Much work remains to be done, says Mr. Dixon, particularly in terms of developing state-level preparedness efforts and in preparing for an incident in which several major networks were attacked simultaneously.
"I'm not going to paint a total rosy picture," he says. But "I think we're in a pretty good position to deal with the issue."
Some analysts believe the private sector shouldn't be forced to report and otherwise participate in these kinds of DHS initiatives – except for companies that occupy four key sectors: finance, telecommunications, energy, and government services – such as those that provide checks to senior citizens.

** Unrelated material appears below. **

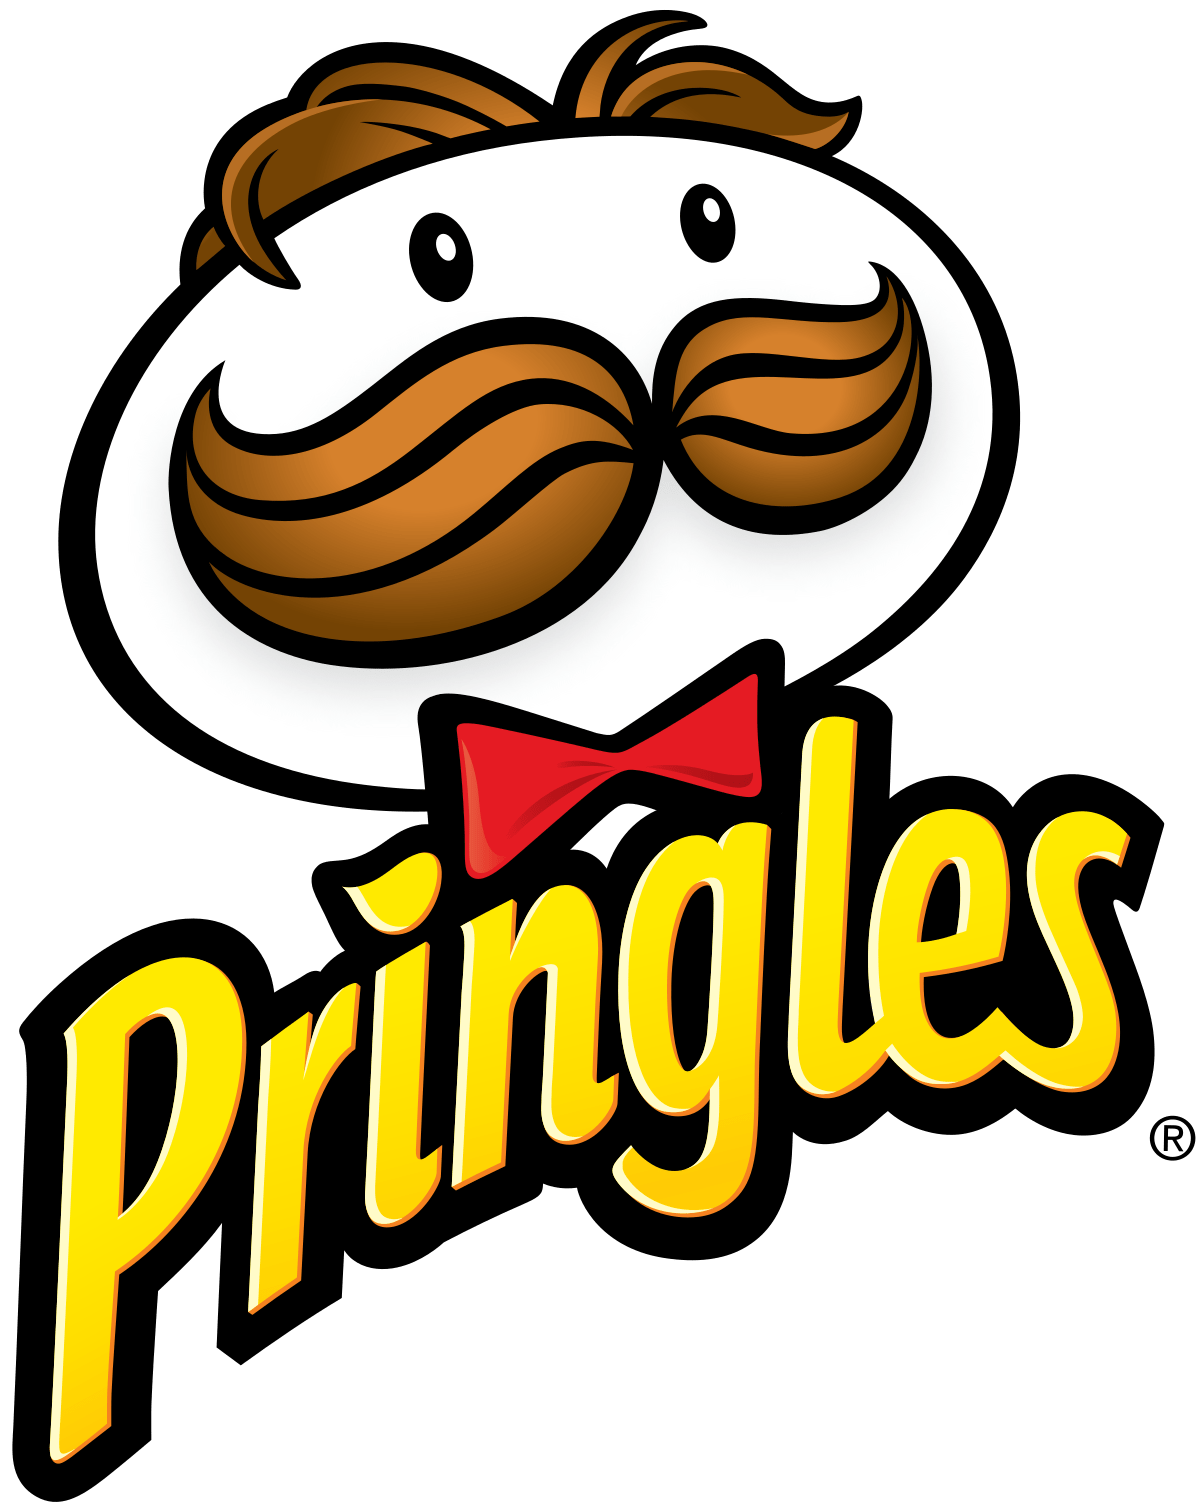 Pringles Logo | The Most Famo

And DHS must know which elements of the private sector would be vulnerable during a cyberattack, Mr. Lewis says. "To say we don't know which banks would stay online is unacceptable," he says.
US-CERT itself is funded at around $46 million per year, which pays for exercise programs such as one called "Cyber-storm" held last year, and other software assurance programs. Overall, the national cybersecurity division is funded at $96 million, according to Dixon.

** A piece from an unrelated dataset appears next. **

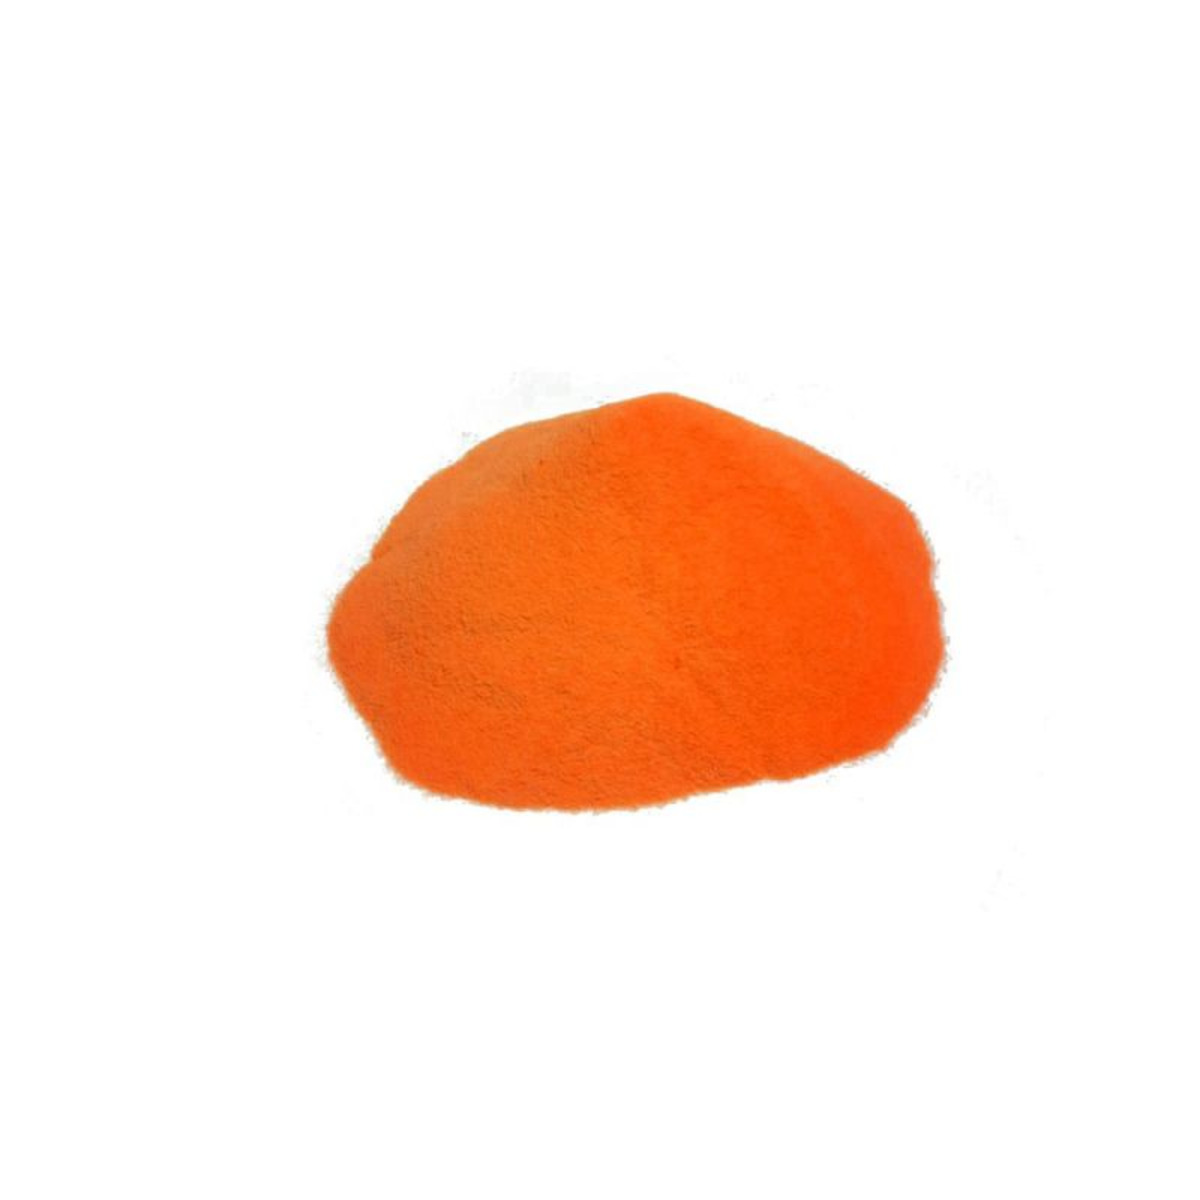 M2 Fishing Plastgum Powder Plasticizer For Ballast -  Orange - 100 g

But it's not a question of throwing more money at the problem, says Lewis. The issue is coming up with a coherent national strategy. DHS has improved its approach over time, but it needs to do more – and faster. "It's not a question of budget, it's a question of strategy," he says, adding that the strategy now is "too diffuse."

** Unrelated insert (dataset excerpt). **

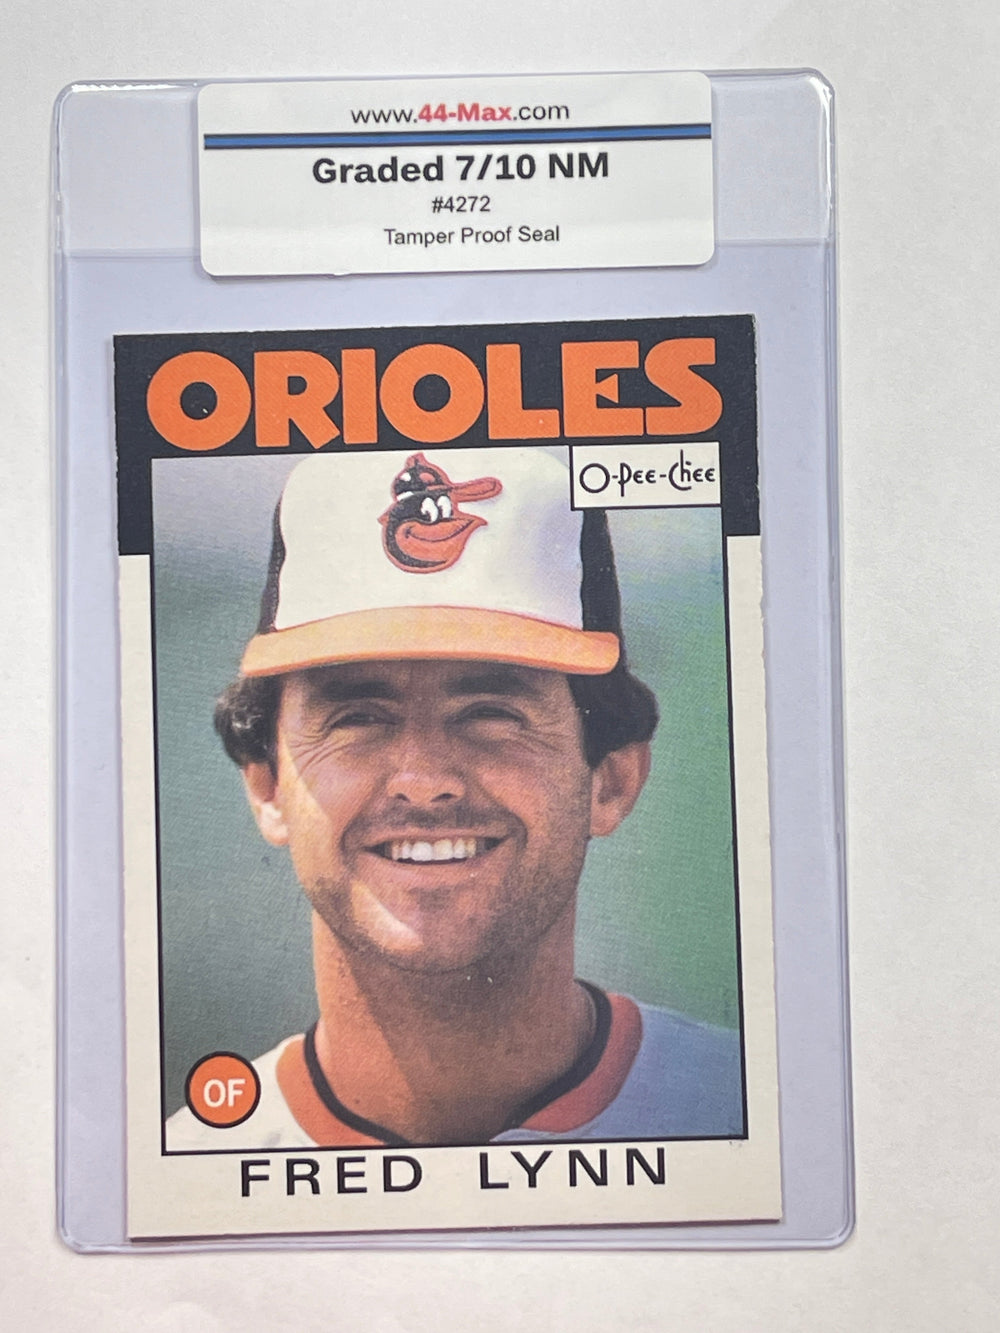 Fred Lynn 1986 O-Pee-Chee Baseball Card. 44-Max 7/10 NM #4272

"Whoever the next administration is will have to take all these strategies and throw them out the window and start over," he says.
The Pentagon – a bureaucratic gorilla with deep pockets – has remained largely on the sidelines of cyberdefense. The military's protection umbrella is limited to its own separate networks. However, that stance may be shifting.
The Air Force is looking to get into cyberdefenses with the creation of a new Cyber-space Command, which would help to defend the military's interests in cyberspace. Although the concept is still being developed, it's likely that the military's role and that of nonmilitary agencies and the private sector would overlap some, officials say.
The range of domestic targets, however, extends far beyond the military's traditional reach.
"Usually when people discuss critical infrastructure they are discussing systems such as electricity, water, etc. In this case [in Estonia], the civilian infrastructure such as banks, ISPs, and the press proved to be far more important," says Gadi Evron, an expert with the security vendor Beyond Security in Israel.
ESTONIA ATTACK IS TIP OF THE ICEBERG
Cyberattacks are commonplace, says Mr. Evron, who used to run security for the Israeli government's Internet operations. "Whenever there was civil or political tension, a [cyber] attack followed here in Israel."
Denial-of-service attacks are observed on virtually a daily basis, says Dmitri Alperovitch, a researcher with Secure Computing Corp., a network security firm based in San Jose, Calif.
Home computers can be quietly infected when users surf onto certain web pages and then come under control of hackers without the knowledge of their owners.?? Mr. Alperovitch says an estimated 50 million machines around the world have been compromised, and shadowy underworld figures rent out control – often just pennies per machine – over these computers for attacks.
Homeland Security conducts some research into new defensive technology, though a department reorganization saw those research dollars cut from $22.7 million to $14.8 million. The House passed a 2008 budget appropriation that would bump up the research to $50 million, and the subcommittee on emerging threats, cybersecurity, and science and technology has been highlighting the issue in recent hearings.